Gary Simmons. Crazy Conductor. 1993

(American, born 1964) Chalk and fixative on slate-painted fiberboard with oak frame, 48 x 60" (122 x 152.4 cm). Collection of John Goodwin and Michael-Jay Robinson
© 2007 Gary Simmons Audio courtesy of Acoustiguide

Curator, Roxana Marcoci: Gary Simmons sees his chalkboards, he says, as “a surface for learning and unlearning, teaching and unteaching.” As part of our educational environment, he feels that they play a powerful role in the way our memories are constructed. The work on this wall is from his Erasure series, partly inspired by one of his early studios that had previously been a classroom in a Manhattan school building.
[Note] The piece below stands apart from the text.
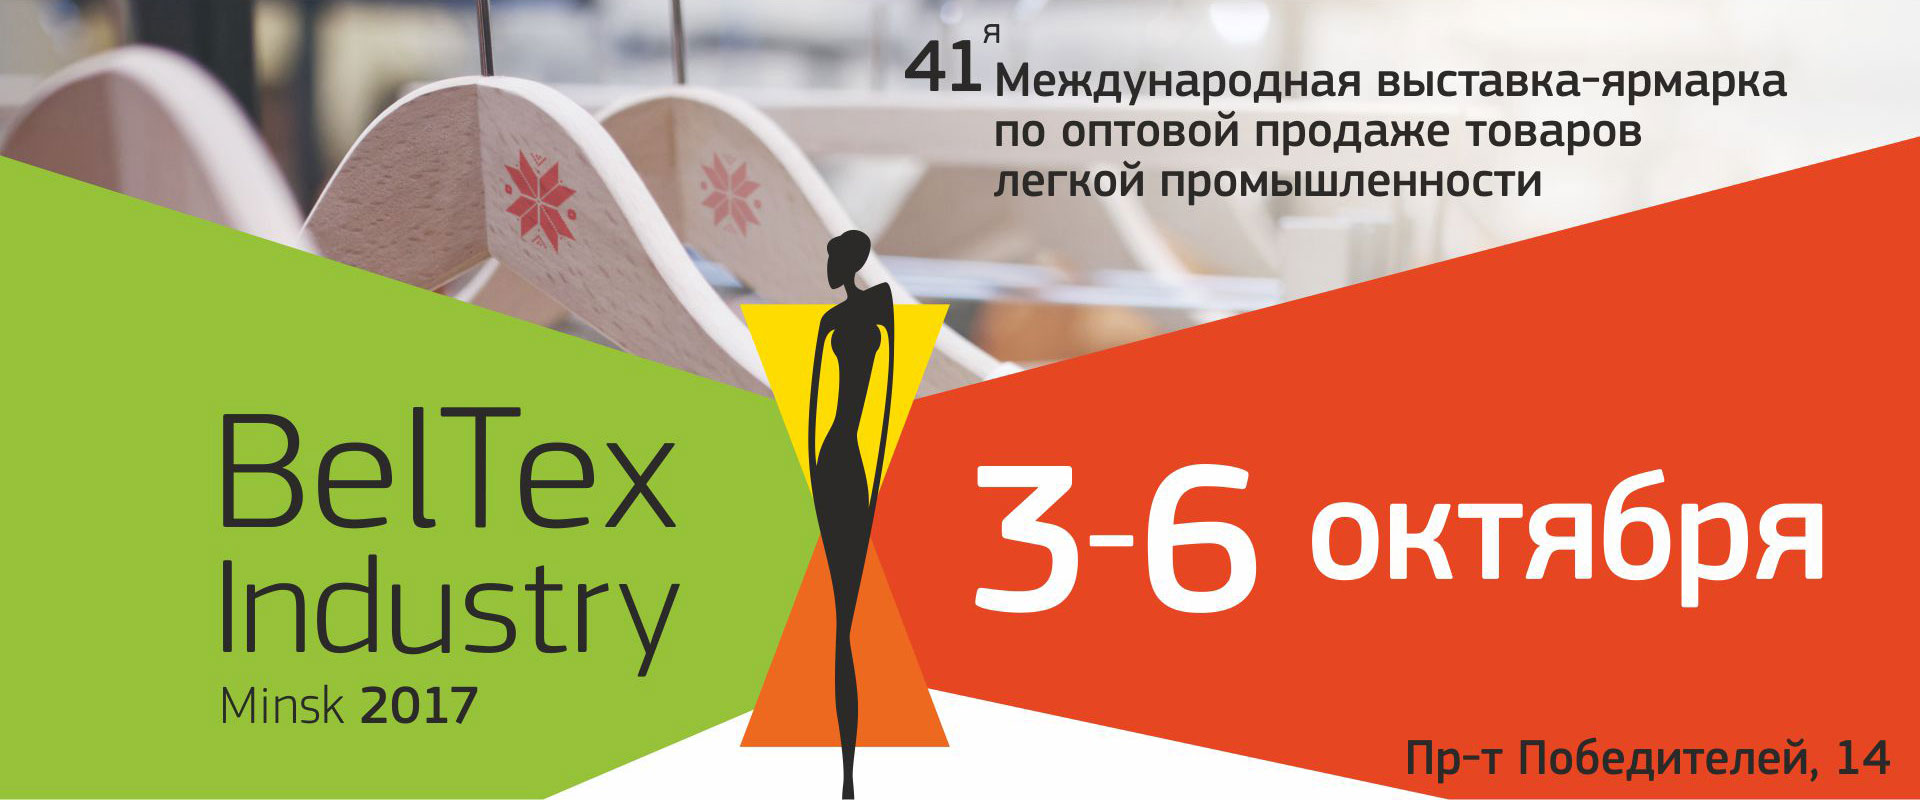 BelTexIndustry 2017 rus

The studio still had chalkboards in it.

Artist, Gary Simmons: I was looking for a kind of loaded object, and the chalkboard became the obvious object for me. And it sort of just hit me like a club on the head one day. And so, I started these chalkboard pieces.

Roxana Marcoci: Simmons had thought about making a film and started to watch movies considered appropriate for children, such as Dumbo and Snow White and the Seven Dwarfs.

Gary Simmons: And I thought the most interesting thing to attack would be cartoons. Because cartoons were the first kind of images where stereotypes were kind of implanted. Where a crow or a frog or something would stand in place of a black figure. And this was a form of humor for a child.

So, I started doing these drawings on the chalkboard surface itself. And then started trying to smudge or erase the kind of stereotype that was being presented there.

Roxana Marcoci: This work is from a 1993 series using cartoon characters from the 1930s and 40s. They have traits that embody racial stereotypes, such as wide-open eyes, thick lips and prominent teeth.

Simmons feels that erasing violent or offensive images is in itself an act of empowerment. Yet the images never fully disappear. We, the viewers, fill in what is unclear or missing for ourselves. The power of Simmons’s erasures comes from what we choose to remember.